▶ **Task to carry out**
Begin your copy at the line with "AmaranthusCaudatus" in the records below and end it at the line with "Ausblick Rendering für", restating each line word for word; omit the pictures.

▶ **Extracted material**

━━━━━━━━━━━━━━━━━━━━

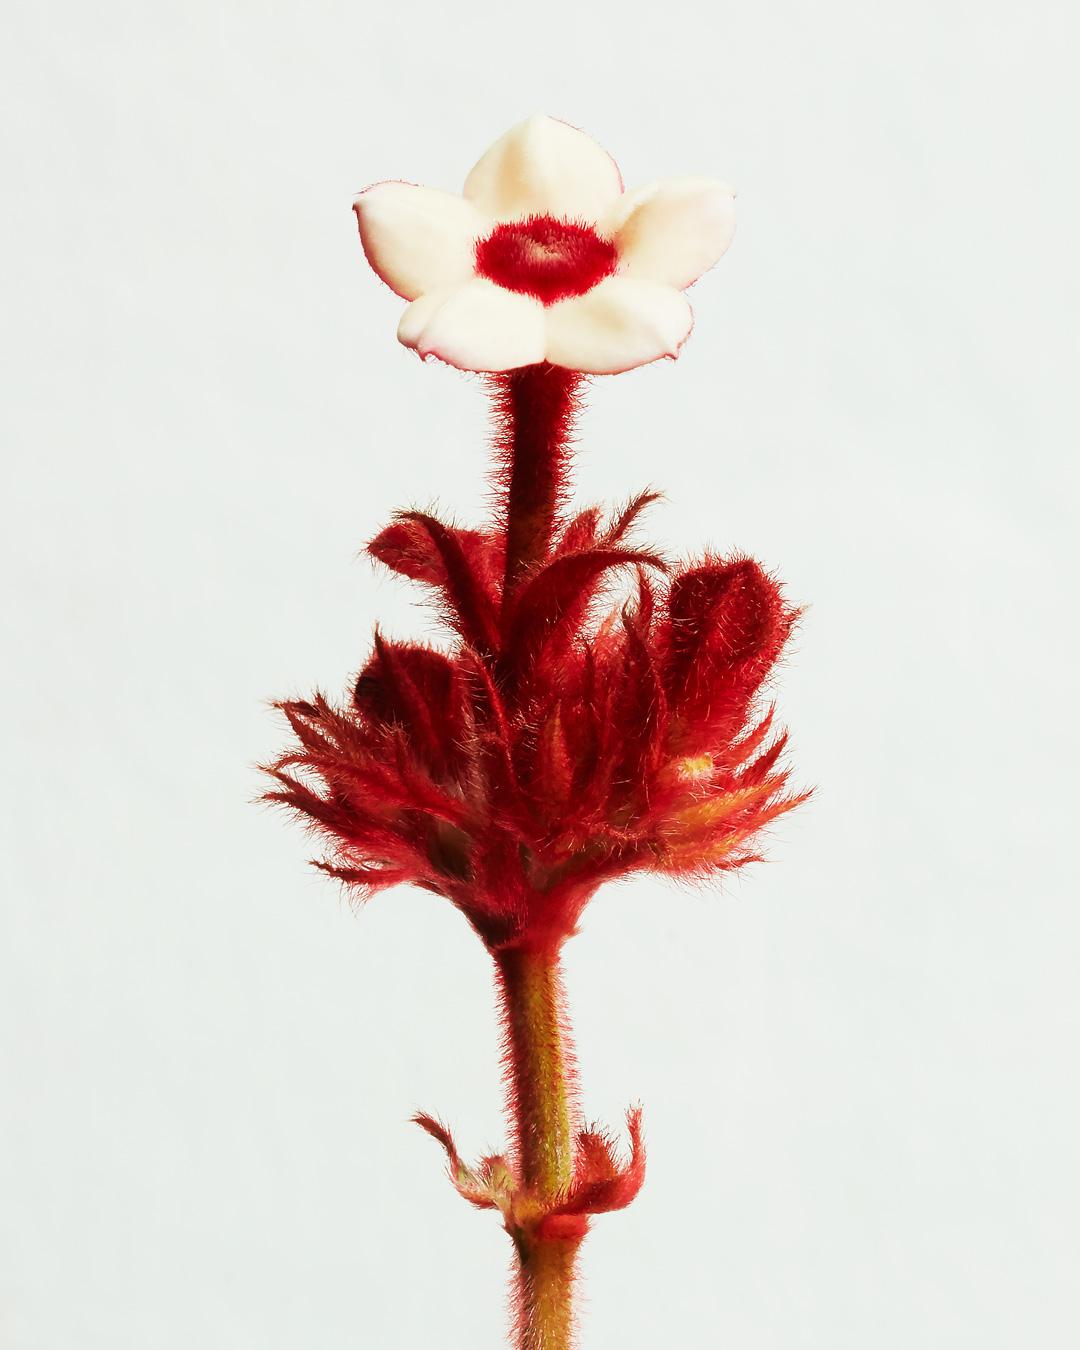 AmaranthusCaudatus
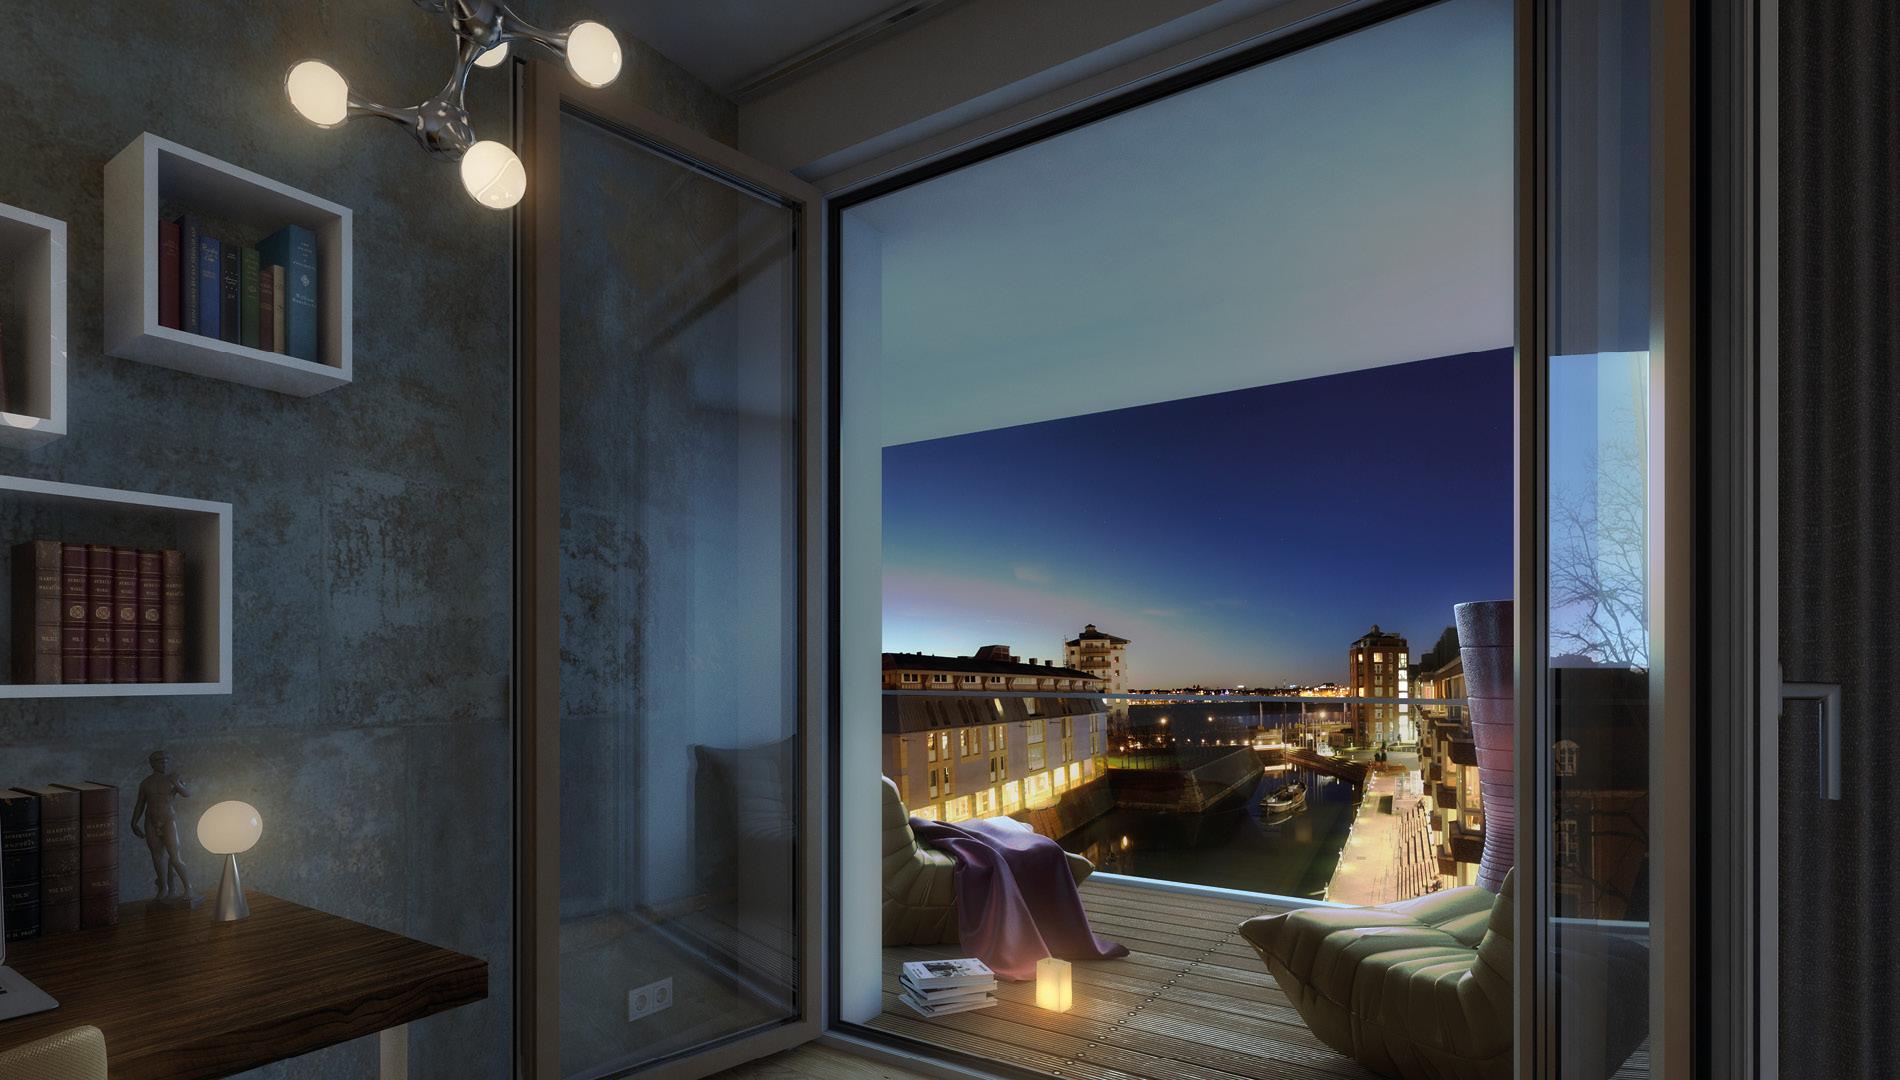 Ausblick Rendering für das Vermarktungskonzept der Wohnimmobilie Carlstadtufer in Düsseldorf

━━━━━━━━━━━━━━━━━━━━

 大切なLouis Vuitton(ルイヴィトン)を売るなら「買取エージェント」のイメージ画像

━━━━━━━━━━━━━━━━━━━━

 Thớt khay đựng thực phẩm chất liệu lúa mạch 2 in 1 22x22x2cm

━━━━━━━━━━━━━━━━━━━━

▶ **Exercise response**
 AmaranthusCaudatus
 Ausblick Rendering für das Vermarktungskonzept der Wohnimmobilie Carlstadtufer in Düsseldorf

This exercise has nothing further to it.